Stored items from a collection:
+--
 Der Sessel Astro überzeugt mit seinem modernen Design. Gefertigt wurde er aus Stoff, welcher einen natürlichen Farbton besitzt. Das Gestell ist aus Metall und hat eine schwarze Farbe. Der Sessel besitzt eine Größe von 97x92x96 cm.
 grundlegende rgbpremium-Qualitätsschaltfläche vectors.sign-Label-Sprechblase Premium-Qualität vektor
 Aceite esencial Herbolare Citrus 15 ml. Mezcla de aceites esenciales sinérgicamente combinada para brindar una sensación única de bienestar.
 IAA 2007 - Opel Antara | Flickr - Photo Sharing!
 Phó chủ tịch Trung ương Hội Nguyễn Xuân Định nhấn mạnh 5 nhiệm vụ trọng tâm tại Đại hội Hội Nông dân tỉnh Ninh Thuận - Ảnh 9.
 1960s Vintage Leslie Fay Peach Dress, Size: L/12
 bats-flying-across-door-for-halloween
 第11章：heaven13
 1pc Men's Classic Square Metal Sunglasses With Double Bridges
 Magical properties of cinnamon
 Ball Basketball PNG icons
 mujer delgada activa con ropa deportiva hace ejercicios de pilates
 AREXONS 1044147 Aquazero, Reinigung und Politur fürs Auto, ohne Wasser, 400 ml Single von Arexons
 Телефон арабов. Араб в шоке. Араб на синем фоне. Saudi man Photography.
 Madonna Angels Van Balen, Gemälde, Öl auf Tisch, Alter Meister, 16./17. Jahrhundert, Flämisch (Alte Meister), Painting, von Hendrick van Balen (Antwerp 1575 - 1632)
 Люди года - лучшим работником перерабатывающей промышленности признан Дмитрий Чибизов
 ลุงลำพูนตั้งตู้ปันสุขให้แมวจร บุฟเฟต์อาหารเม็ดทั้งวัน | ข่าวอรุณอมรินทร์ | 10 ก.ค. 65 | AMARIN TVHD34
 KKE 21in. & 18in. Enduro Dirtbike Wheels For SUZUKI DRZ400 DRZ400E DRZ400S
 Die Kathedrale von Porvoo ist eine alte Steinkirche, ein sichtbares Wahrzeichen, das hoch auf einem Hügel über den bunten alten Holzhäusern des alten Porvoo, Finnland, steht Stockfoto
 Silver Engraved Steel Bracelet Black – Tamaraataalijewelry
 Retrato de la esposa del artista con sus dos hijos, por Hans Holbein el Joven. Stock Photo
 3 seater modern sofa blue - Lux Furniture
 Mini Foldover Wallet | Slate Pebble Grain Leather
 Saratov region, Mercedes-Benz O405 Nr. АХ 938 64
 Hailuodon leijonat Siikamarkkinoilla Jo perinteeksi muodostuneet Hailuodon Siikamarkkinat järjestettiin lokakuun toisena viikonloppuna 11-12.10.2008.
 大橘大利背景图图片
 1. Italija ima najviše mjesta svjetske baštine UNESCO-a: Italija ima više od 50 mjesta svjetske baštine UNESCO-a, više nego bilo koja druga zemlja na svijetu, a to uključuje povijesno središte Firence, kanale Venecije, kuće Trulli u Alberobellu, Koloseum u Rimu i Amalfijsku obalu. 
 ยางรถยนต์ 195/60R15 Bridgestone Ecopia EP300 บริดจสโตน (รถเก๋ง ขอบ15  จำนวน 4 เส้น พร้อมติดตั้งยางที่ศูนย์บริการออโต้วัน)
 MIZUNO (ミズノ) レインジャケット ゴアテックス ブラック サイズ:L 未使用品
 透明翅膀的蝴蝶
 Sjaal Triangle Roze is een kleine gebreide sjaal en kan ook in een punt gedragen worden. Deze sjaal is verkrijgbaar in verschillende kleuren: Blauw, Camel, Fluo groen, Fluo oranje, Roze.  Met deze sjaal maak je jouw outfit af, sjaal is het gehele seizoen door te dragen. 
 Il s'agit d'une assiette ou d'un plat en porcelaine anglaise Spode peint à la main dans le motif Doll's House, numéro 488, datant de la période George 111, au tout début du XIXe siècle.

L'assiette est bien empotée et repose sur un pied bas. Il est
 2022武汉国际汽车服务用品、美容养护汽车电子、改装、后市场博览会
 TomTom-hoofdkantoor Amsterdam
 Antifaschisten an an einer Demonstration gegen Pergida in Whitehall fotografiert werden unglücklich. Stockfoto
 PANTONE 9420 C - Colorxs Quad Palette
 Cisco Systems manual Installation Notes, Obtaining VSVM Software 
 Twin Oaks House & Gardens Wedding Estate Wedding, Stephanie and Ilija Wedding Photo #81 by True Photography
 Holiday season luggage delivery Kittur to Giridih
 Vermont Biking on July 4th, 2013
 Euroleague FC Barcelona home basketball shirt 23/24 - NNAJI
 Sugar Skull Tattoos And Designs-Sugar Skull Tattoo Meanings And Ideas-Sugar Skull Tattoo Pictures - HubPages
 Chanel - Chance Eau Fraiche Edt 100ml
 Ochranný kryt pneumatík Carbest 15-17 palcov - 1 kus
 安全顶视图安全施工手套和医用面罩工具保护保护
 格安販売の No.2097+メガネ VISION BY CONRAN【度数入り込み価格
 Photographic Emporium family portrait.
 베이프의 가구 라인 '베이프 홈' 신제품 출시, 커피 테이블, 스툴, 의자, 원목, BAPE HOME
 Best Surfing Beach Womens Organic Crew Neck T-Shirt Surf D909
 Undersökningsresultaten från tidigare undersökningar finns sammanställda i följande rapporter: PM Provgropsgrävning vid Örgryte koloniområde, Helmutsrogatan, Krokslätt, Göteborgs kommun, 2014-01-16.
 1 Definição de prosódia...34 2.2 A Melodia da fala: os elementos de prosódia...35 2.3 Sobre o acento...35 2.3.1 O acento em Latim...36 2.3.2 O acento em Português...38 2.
+--
TASK REQUIREMENTS: Repeat exactly, please, each line from the beginning of the data through the line with "vectors.sign-Label-Sprechblase Premium-Qualität vektor" in it, and only those lines.

WRITTEN ANSWER:
 Der Sessel Astro überzeugt mit seinem modernen Design. Gefertigt wurde er aus Stoff, welcher einen natürlichen Farbton besitzt. Das Gestell ist aus Metall und hat eine schwarze Farbe. Der Sessel besitzt eine Größe von 97x92x96 cm.
 grundlegende rgbpremium-Qualitätsschaltfläche vectors.sign-Label-Sprechblase Premium-Qualität vektor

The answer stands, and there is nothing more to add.